A word-for-word retyping of the listing below is required, with the pictures dropped.

__Raw data__.
####################

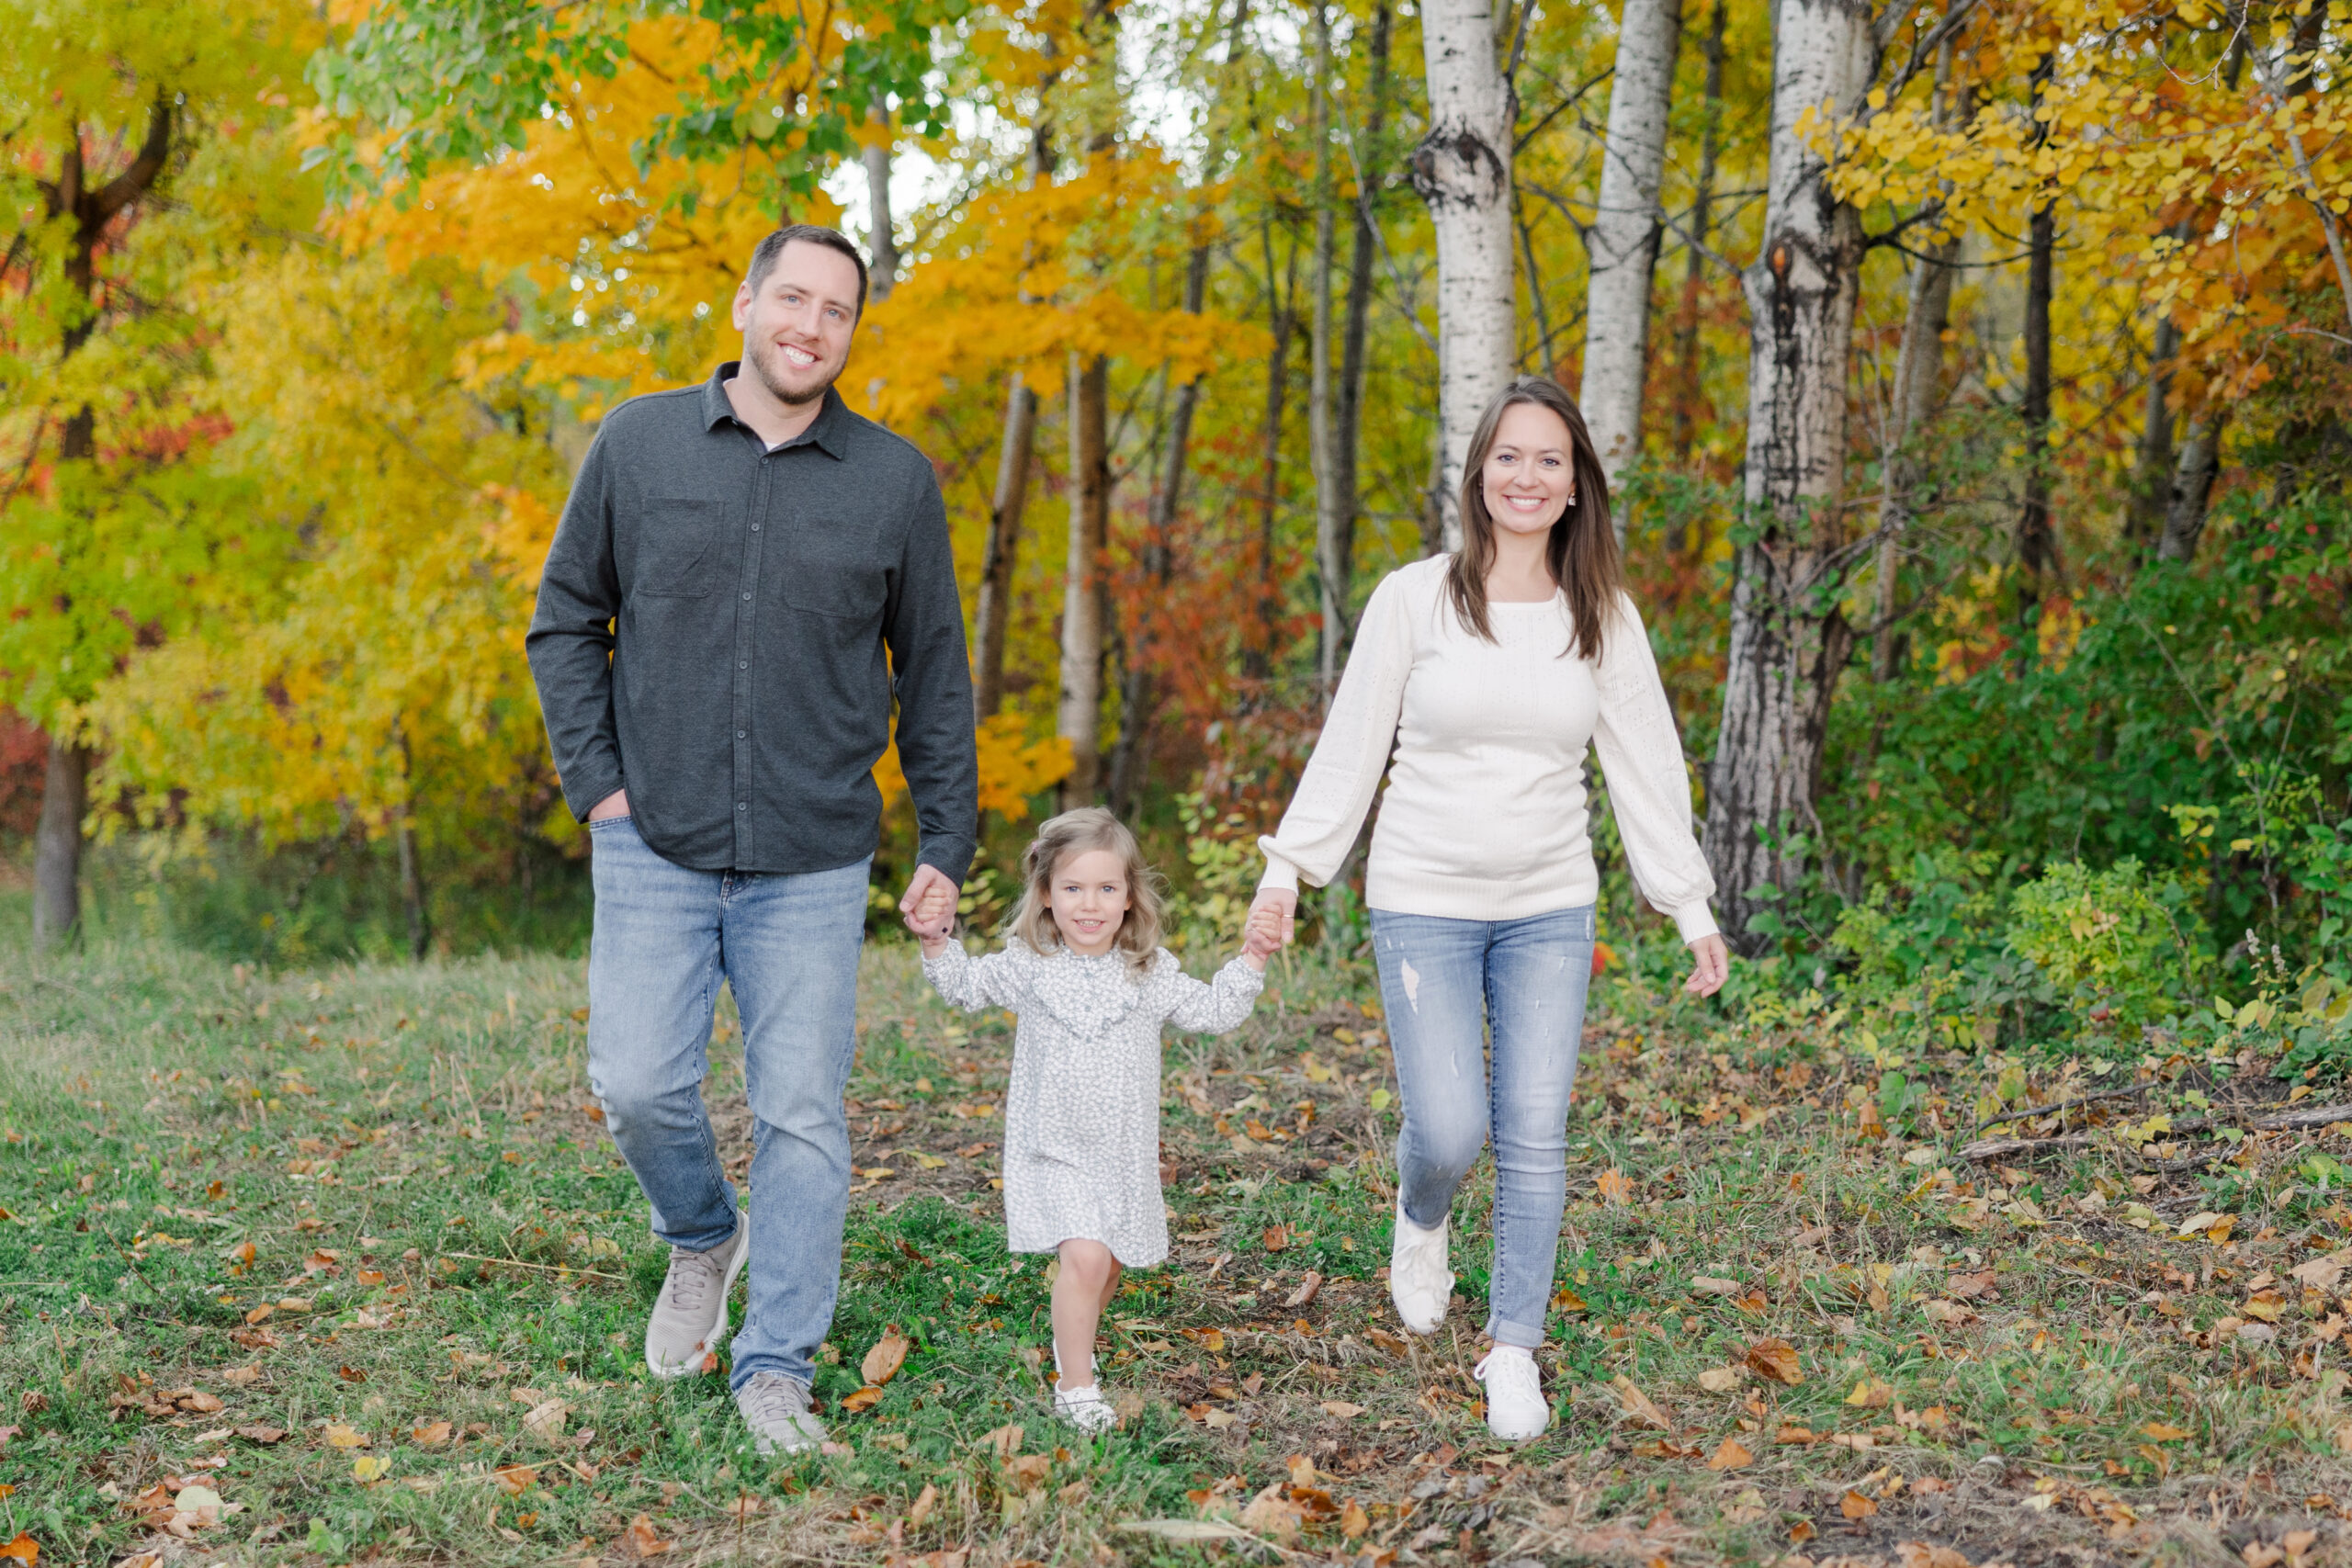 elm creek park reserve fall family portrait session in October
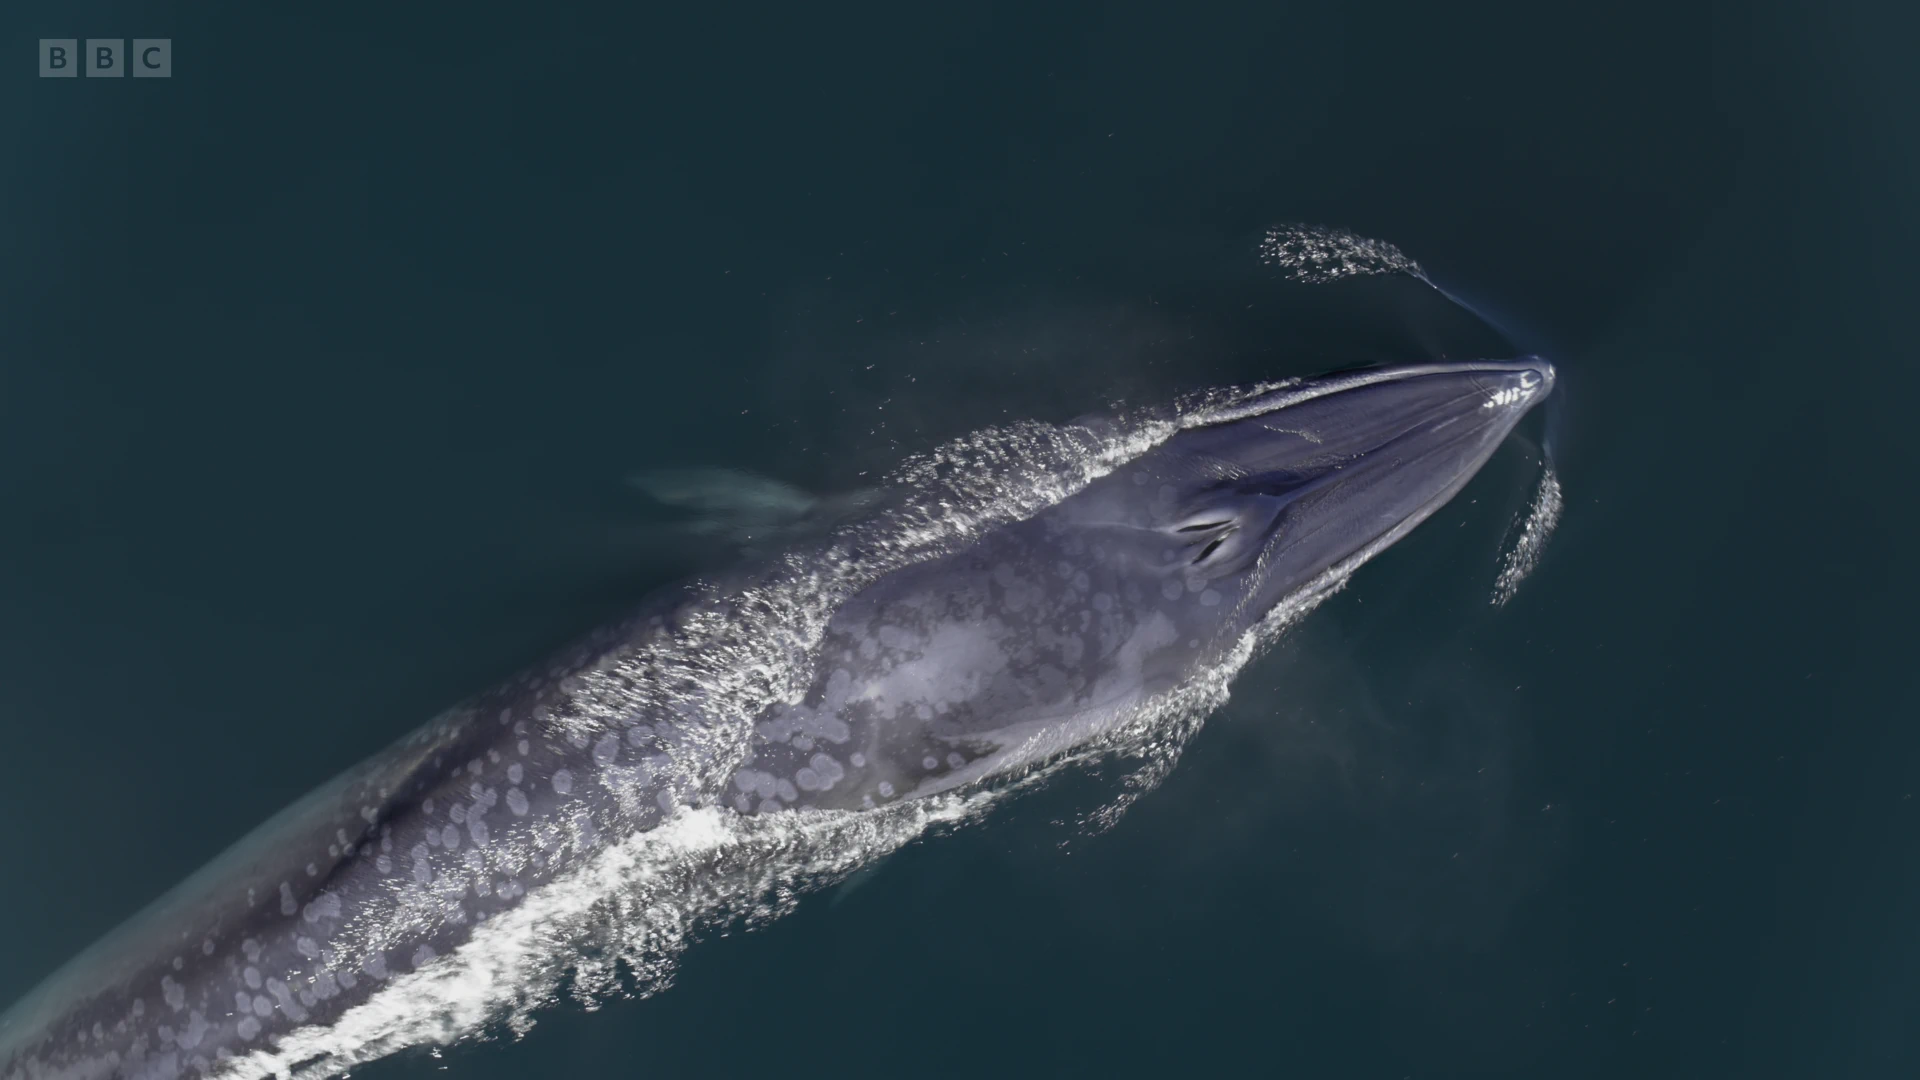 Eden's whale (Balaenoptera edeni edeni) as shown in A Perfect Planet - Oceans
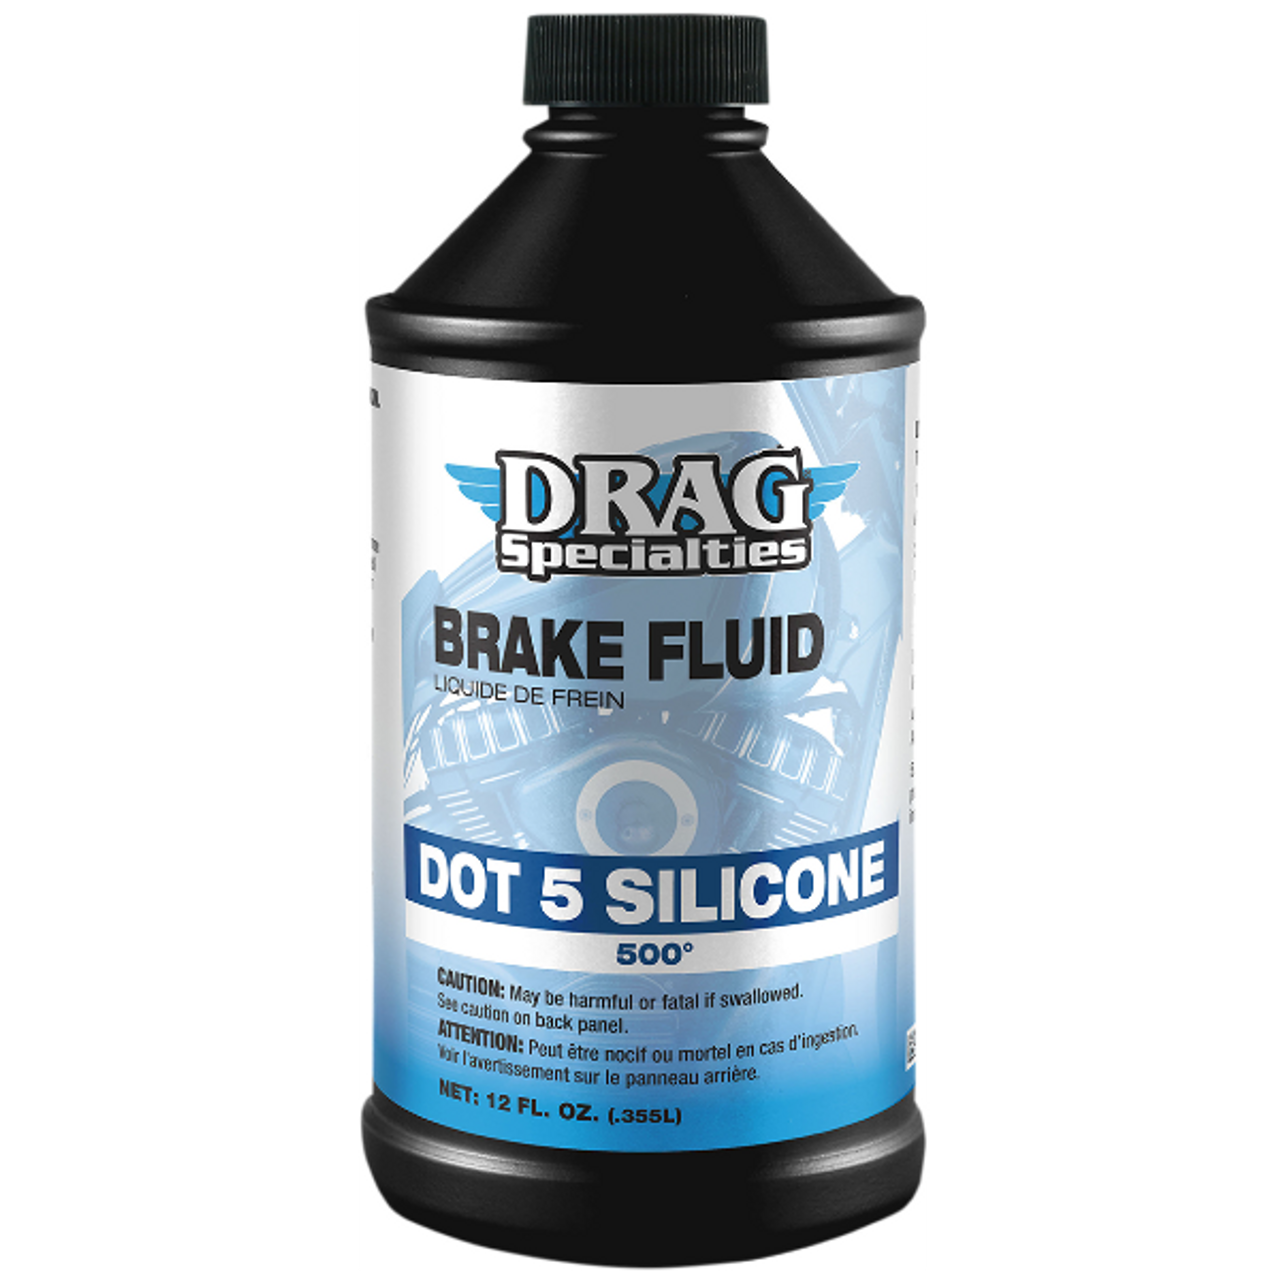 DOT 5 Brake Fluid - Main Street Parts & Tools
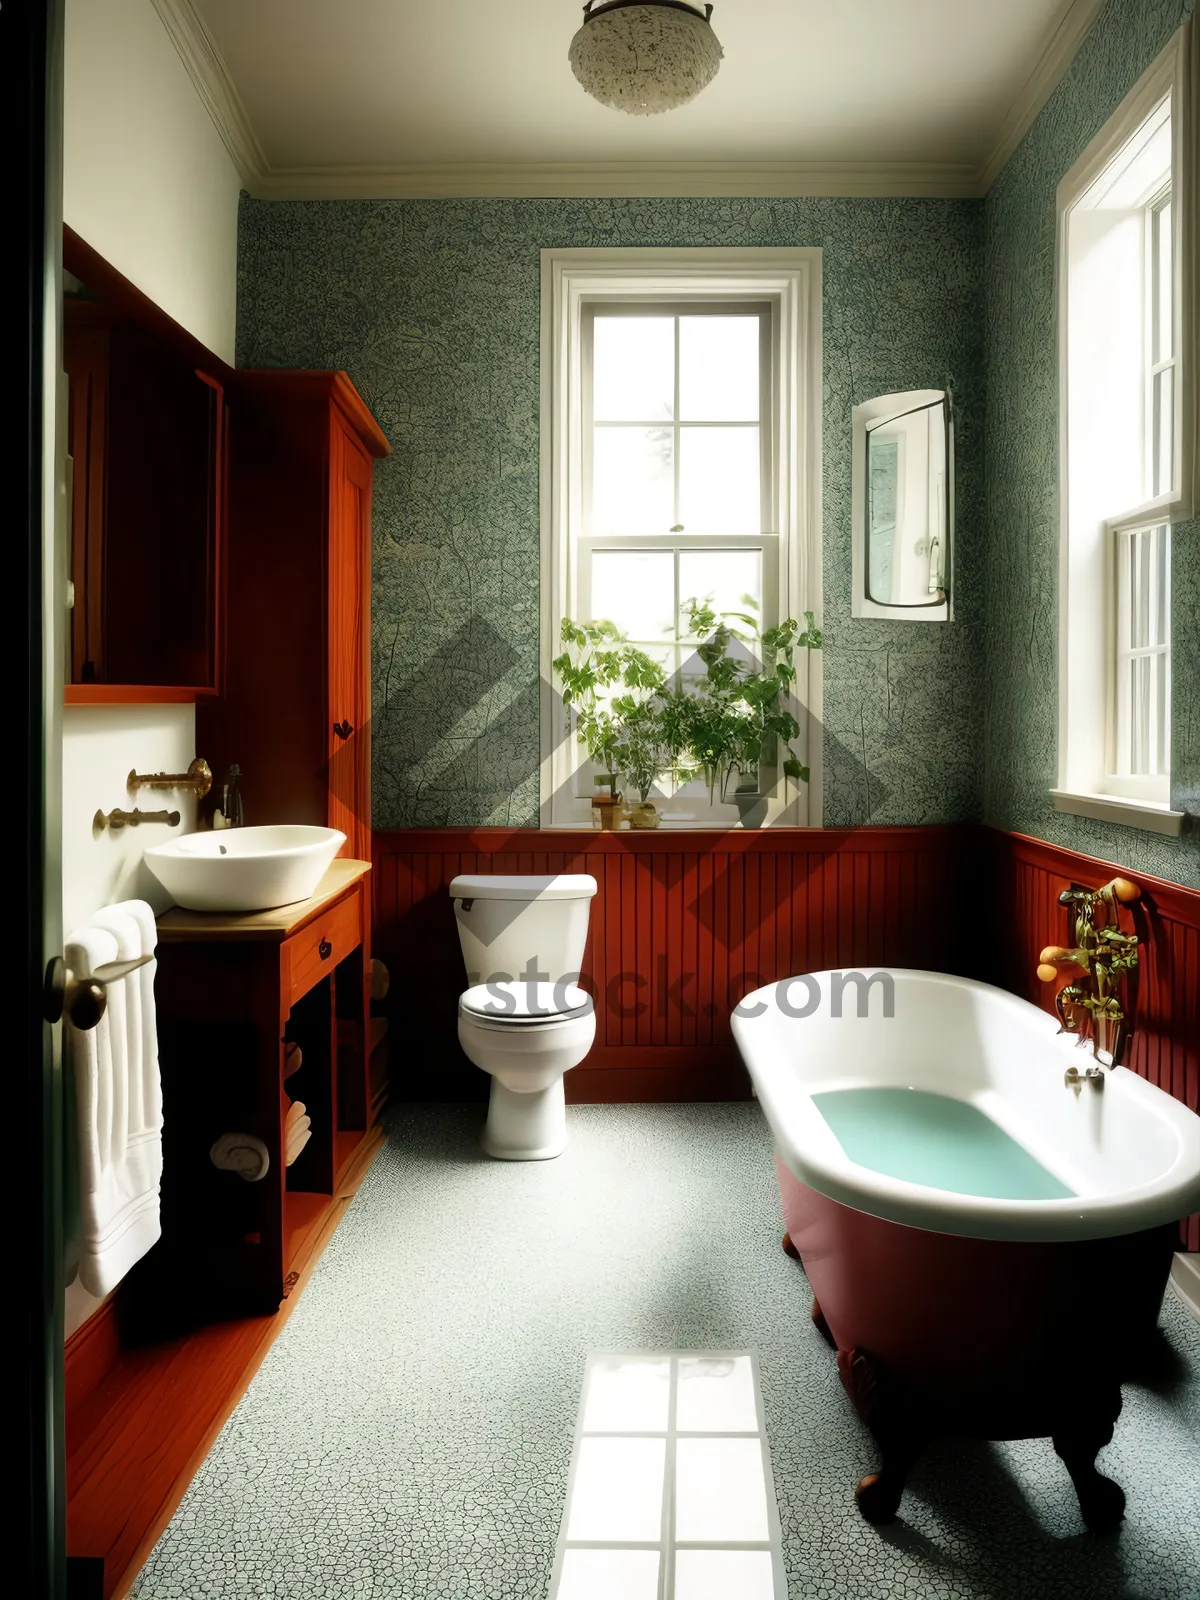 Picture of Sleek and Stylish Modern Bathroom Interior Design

####################

__Answer to this task__.
 elm creek park reserve fall family portrait session in October
 Eden's whale (Balaenoptera edeni edeni) as shown in A Perfect Planet - Oceans
 DOT 5 Brake Fluid - Main Street Parts & Tools
 Picture of Sleek and Stylish Modern Bathroom Interior Design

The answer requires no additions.